*** Input records Section Begins ***

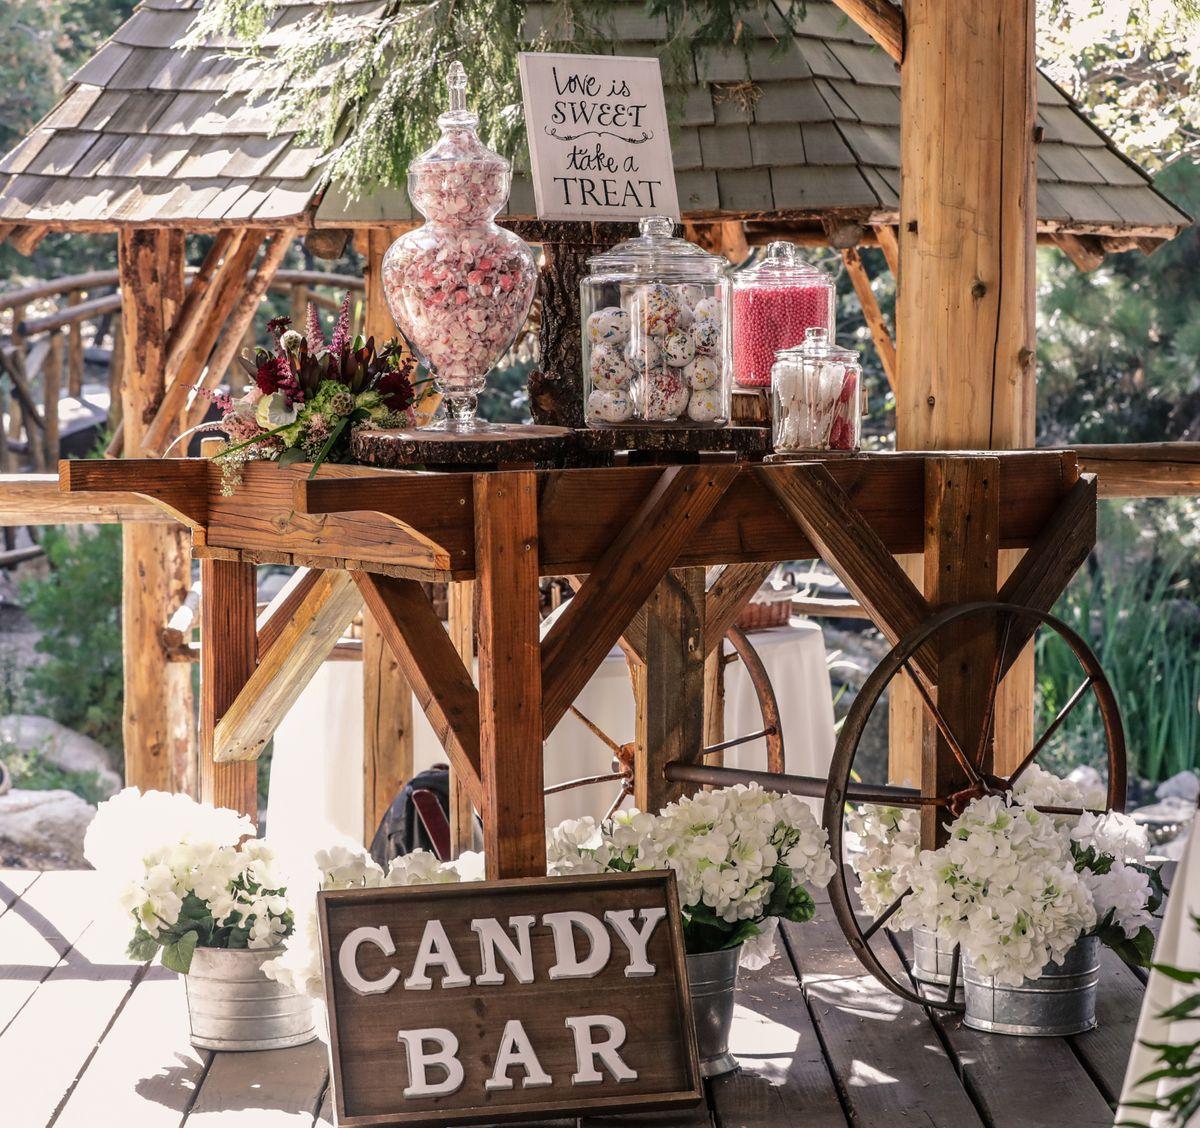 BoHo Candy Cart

*** Input records Section Ends ***
*** Input records Section Begins ***

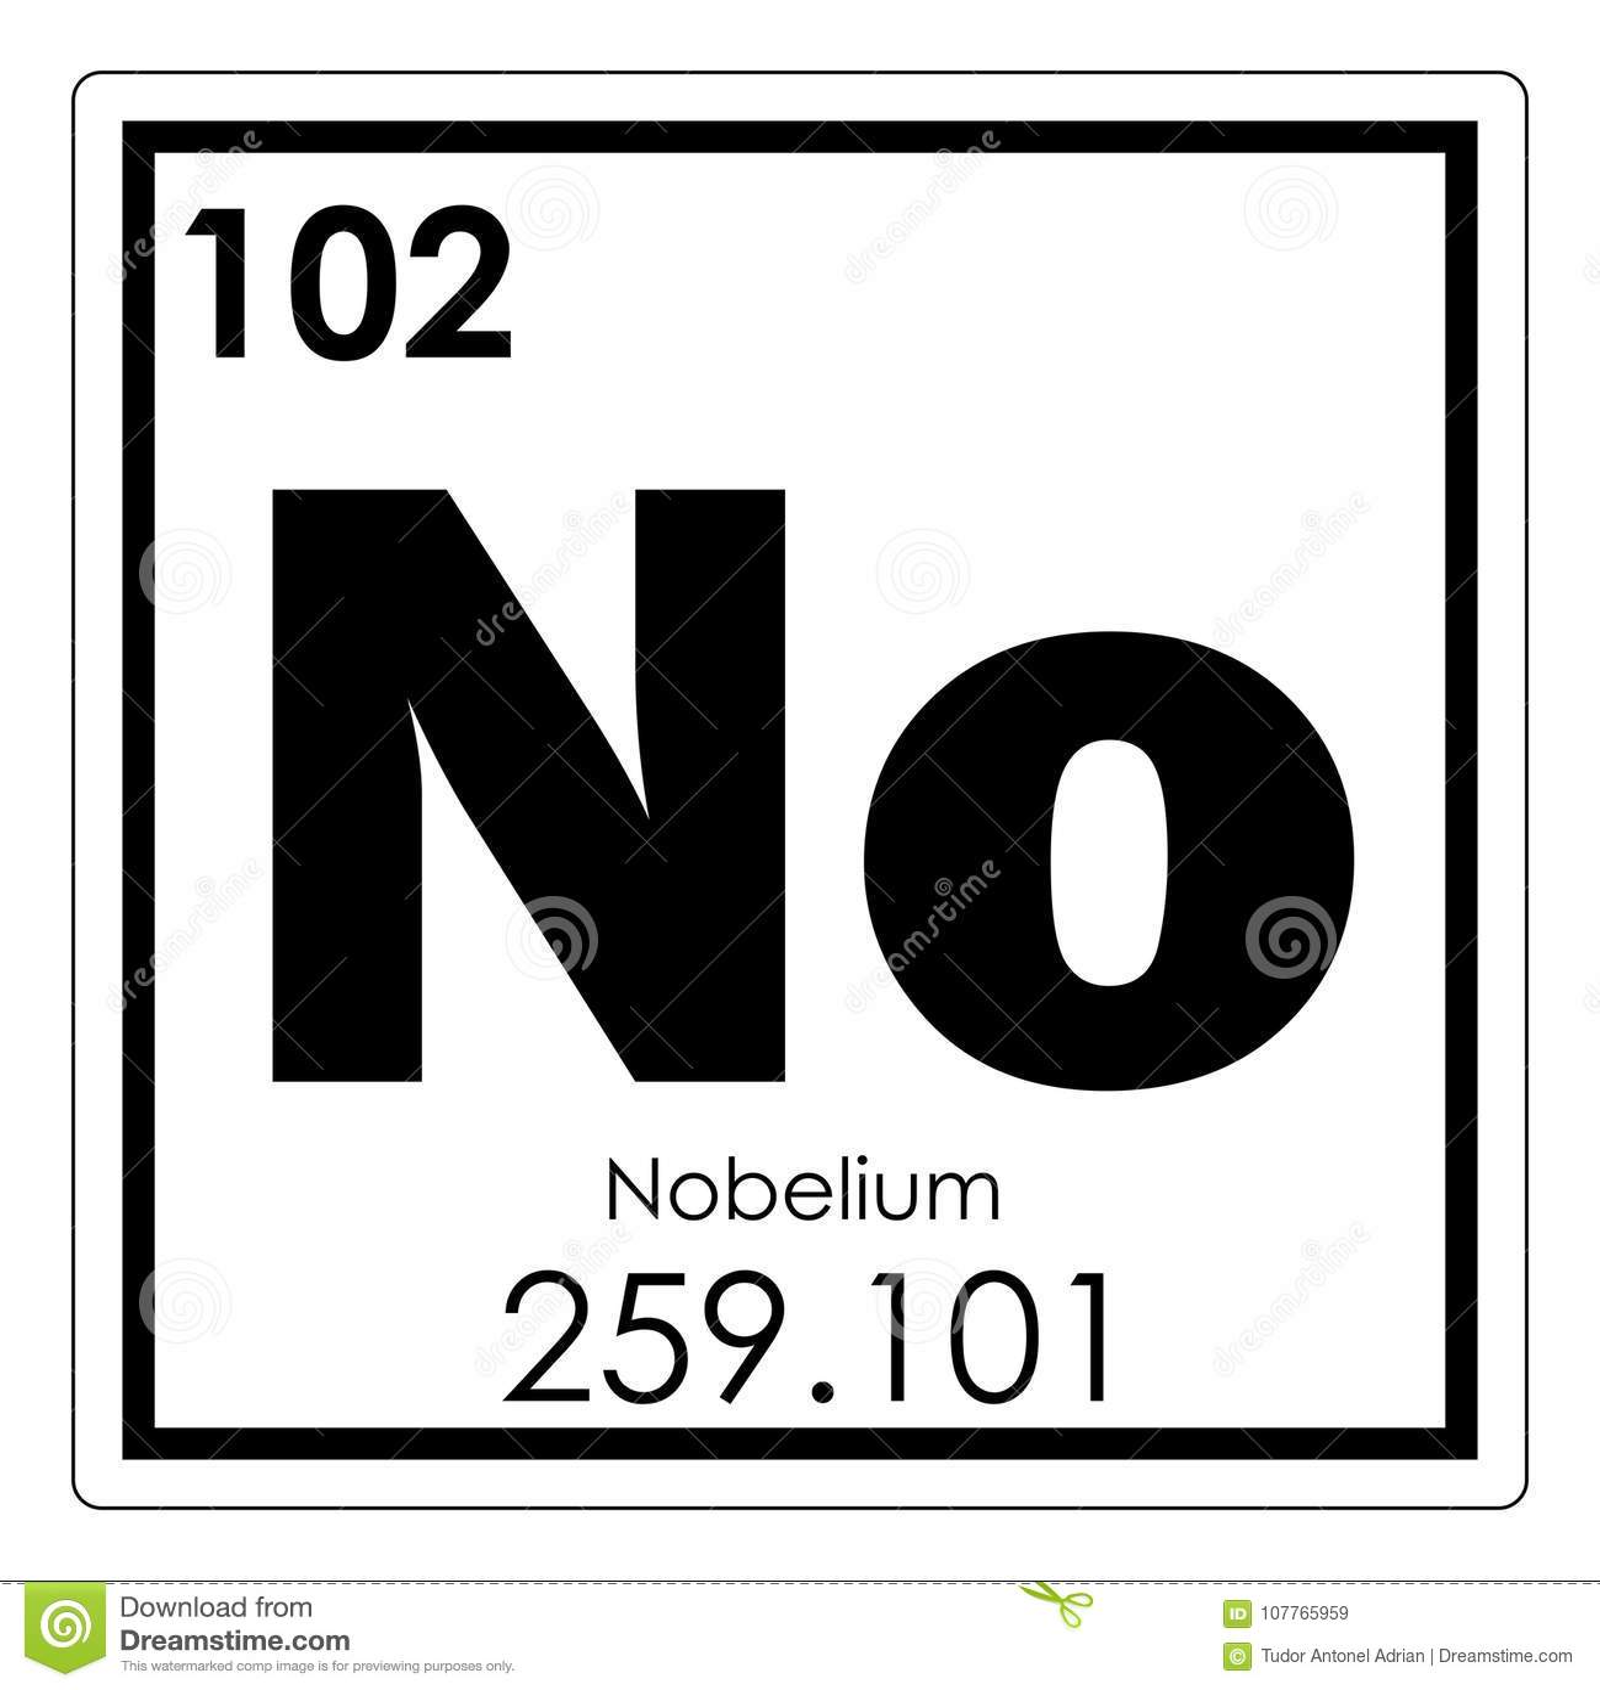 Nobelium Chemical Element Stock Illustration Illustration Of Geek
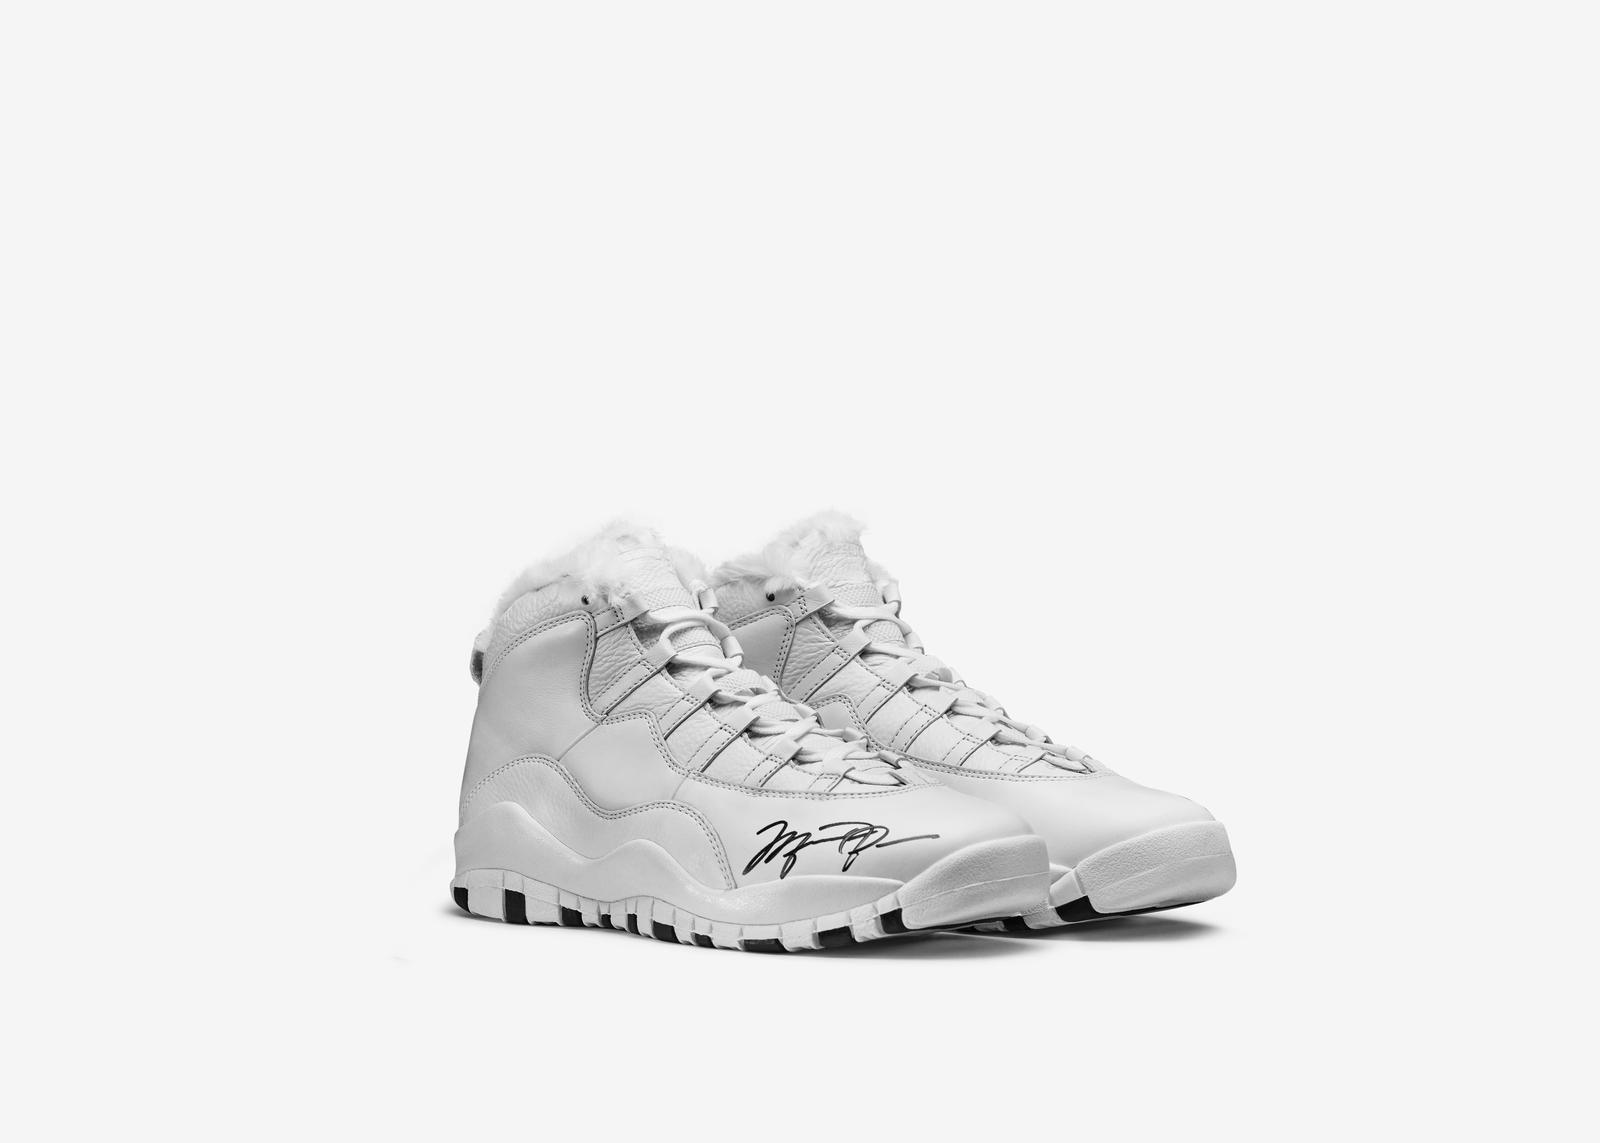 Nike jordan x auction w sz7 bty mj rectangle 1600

*** Input records Section Ends ***
*** Input records Section Begins ***

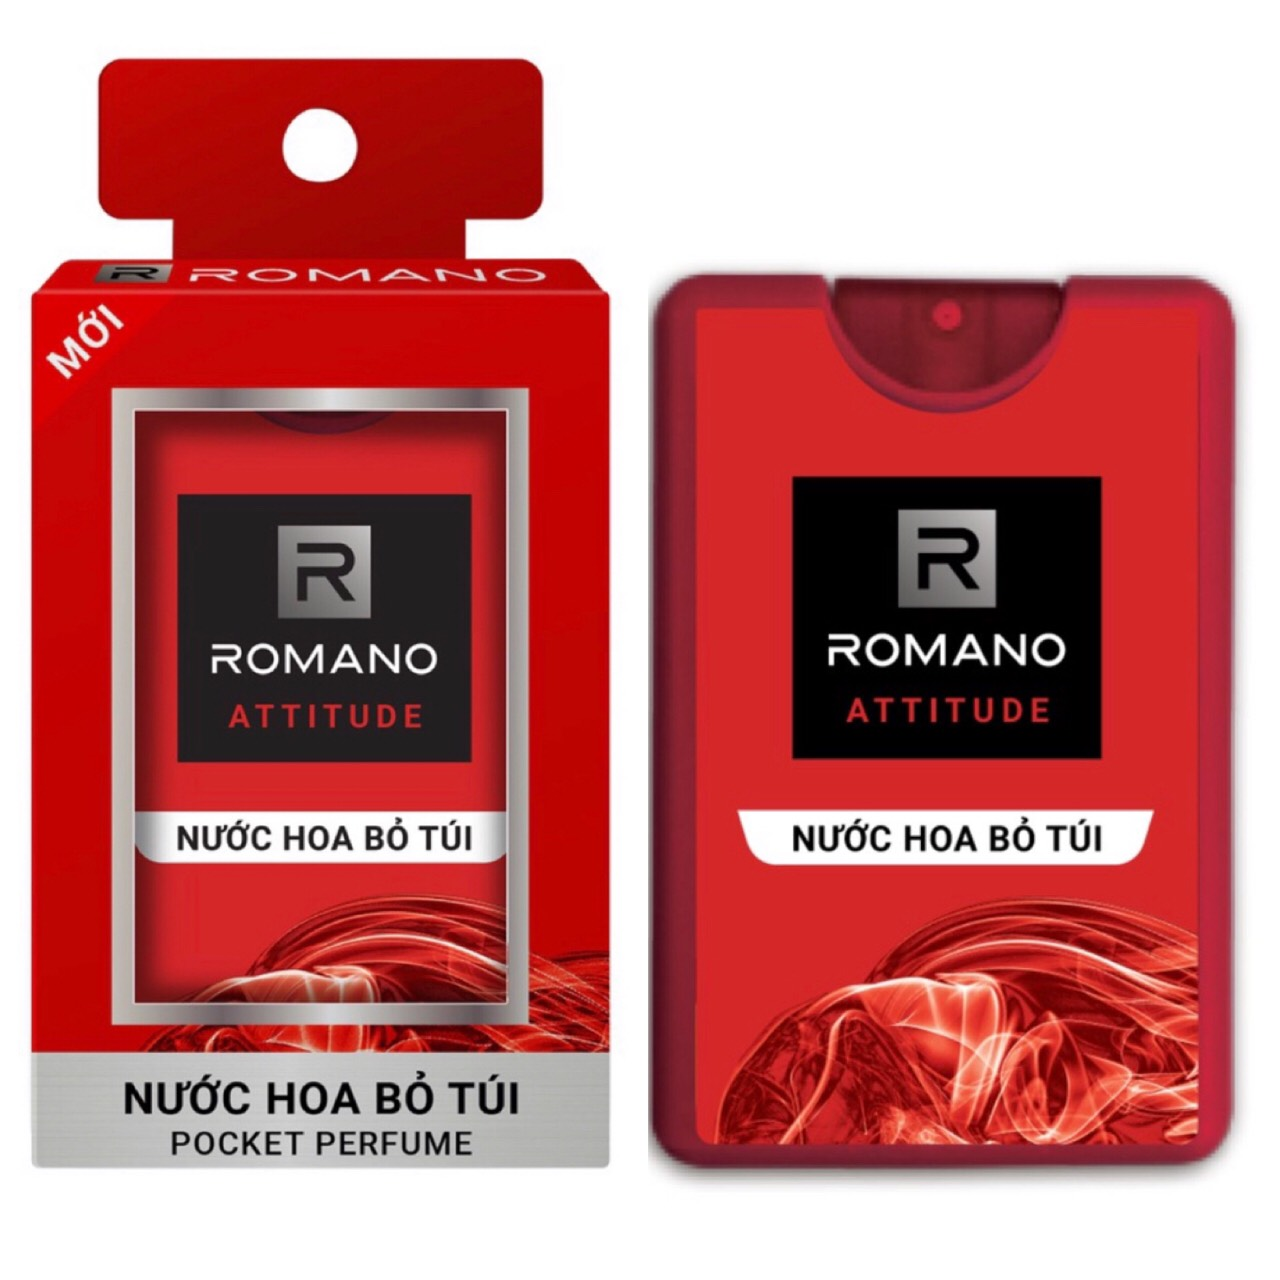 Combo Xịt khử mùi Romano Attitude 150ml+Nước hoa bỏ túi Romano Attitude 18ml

*** Input records Section Ends ***

(Task directions):
Return word for word the lines of the listing above, starting at the line with "Nobelium Chemical Element" and ending at the line with "Nike jordan x", both included. Pictures do not belong in the copy.

(Exercise response):
 Nobelium Chemical Element Stock Illustration Illustration Of Geek
 Nike jordan x auction w sz7 bty mj rectangle 1600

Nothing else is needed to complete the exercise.